_ACTION ITEM_. Write out nothing but the lines from the one containing "Голосуйте за Владимира Сахаровского" through the last line below, both included, and without the pictures.

_DATASET EXTRACT_.
::::

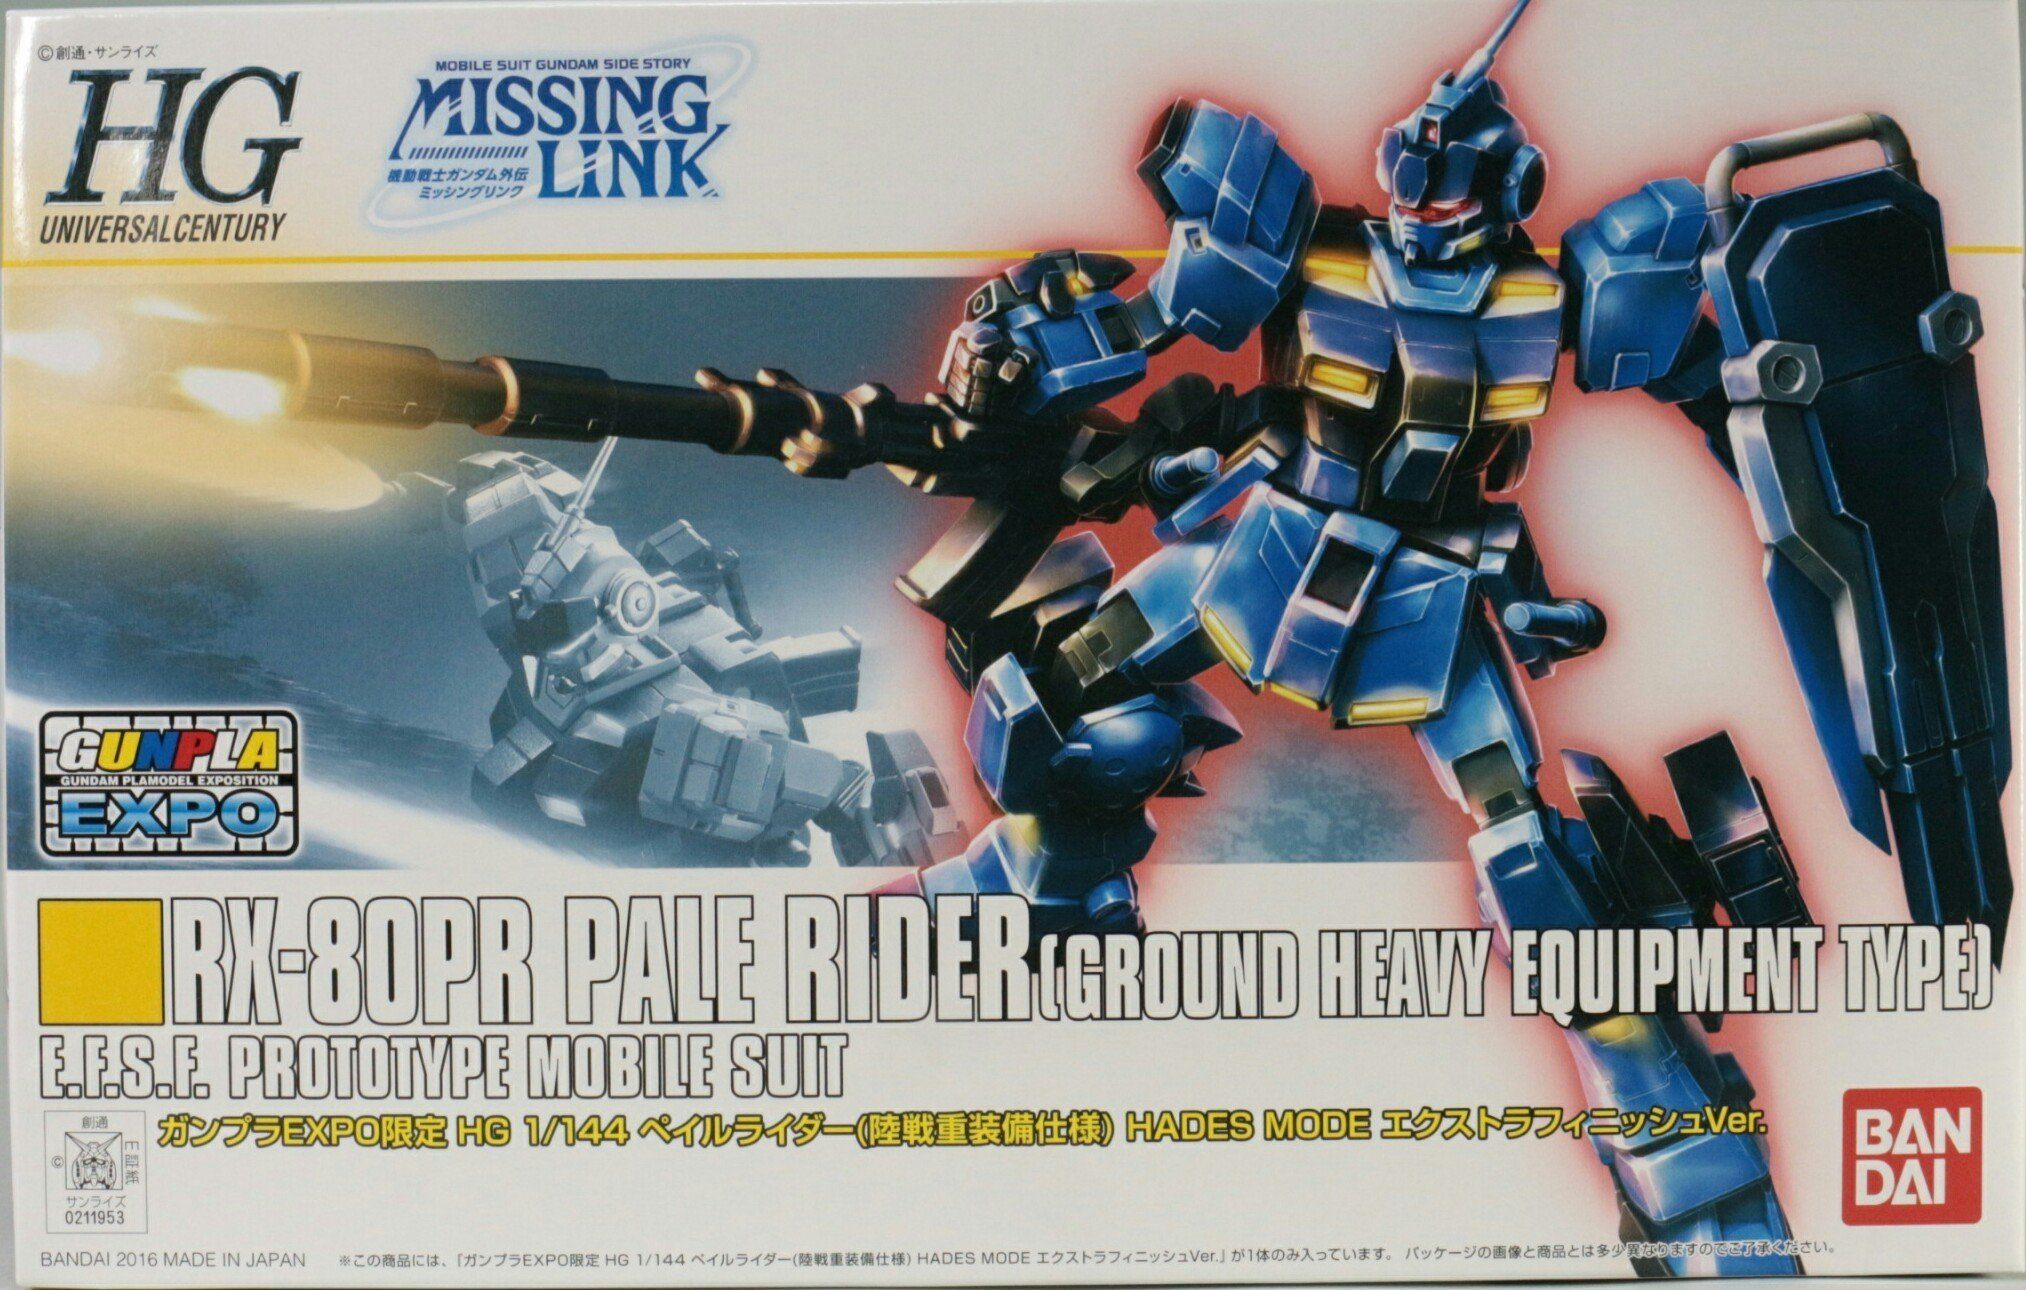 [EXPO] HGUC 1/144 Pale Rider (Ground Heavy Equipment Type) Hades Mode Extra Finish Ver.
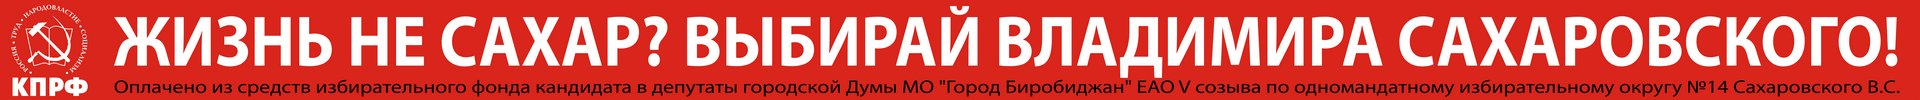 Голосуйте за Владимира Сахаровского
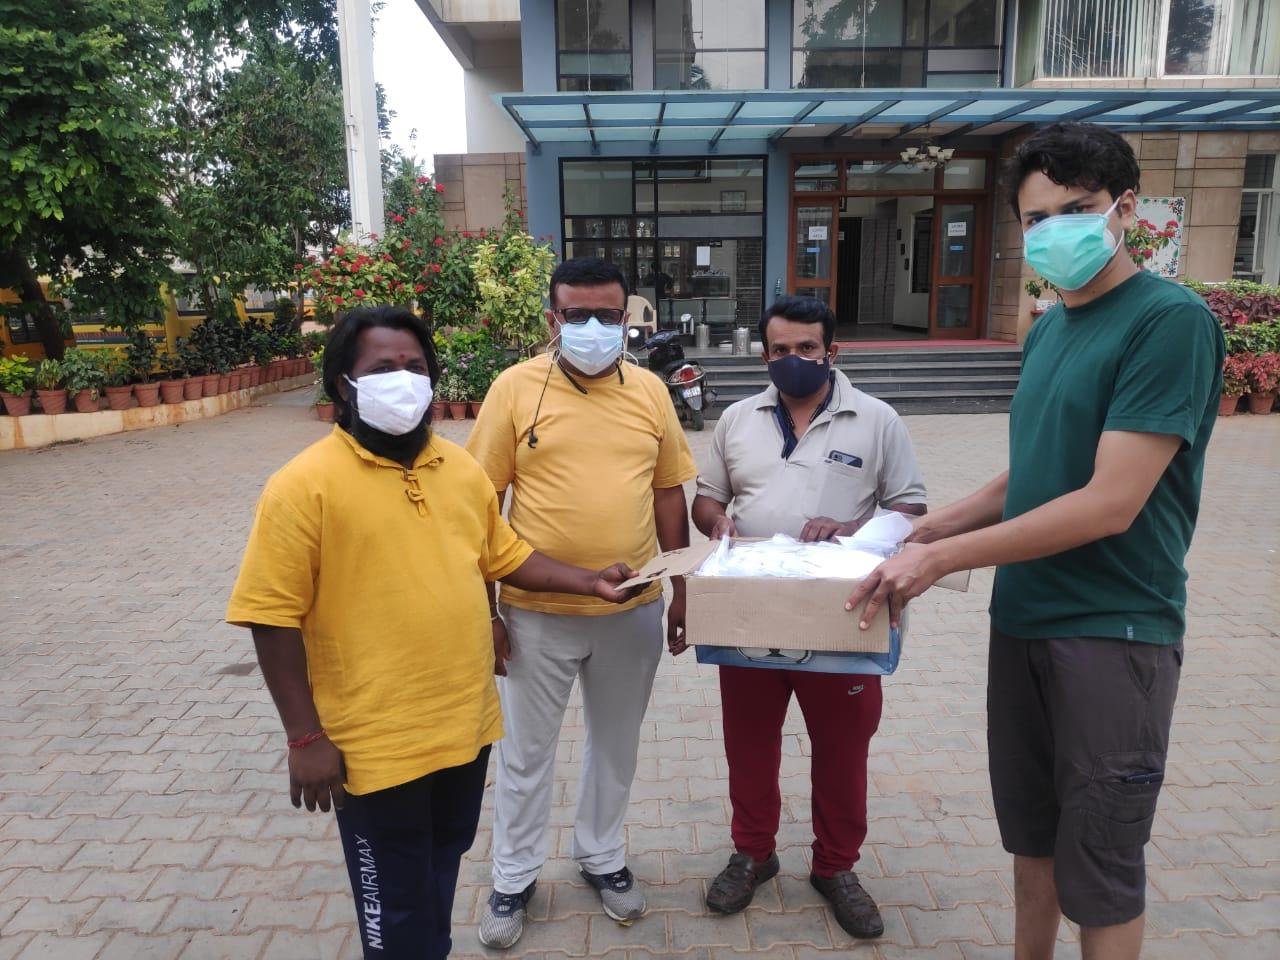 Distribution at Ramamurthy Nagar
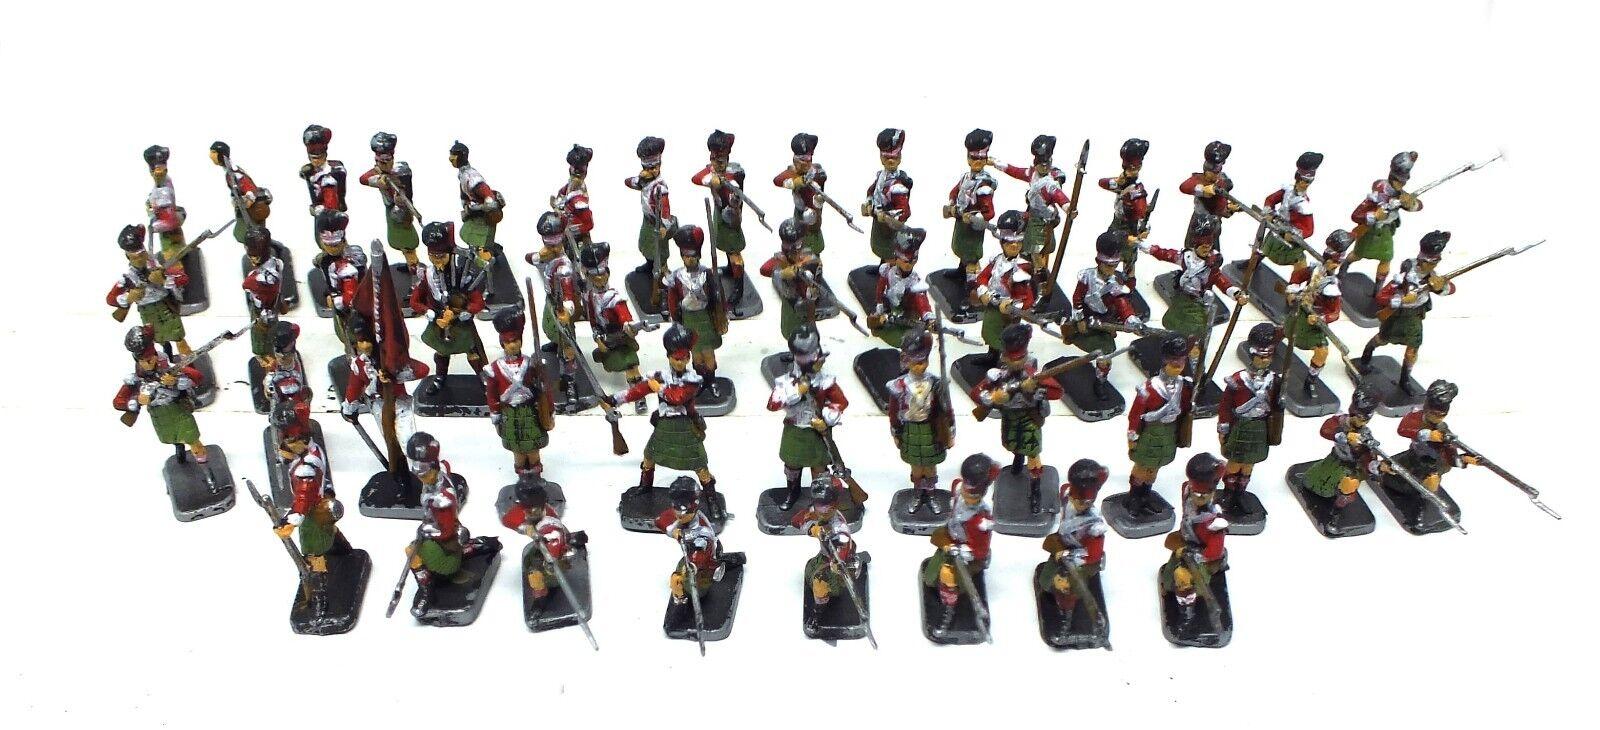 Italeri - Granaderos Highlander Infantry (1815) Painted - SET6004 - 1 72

::::

_FINISHED EXERCISE_.
 Голосуйте за Владимира Сахаровского
 Distribution at Ramamurthy Nagar
 Italeri - Granaderos Highlander Infantry (1815) Painted - SET6004 - 1 72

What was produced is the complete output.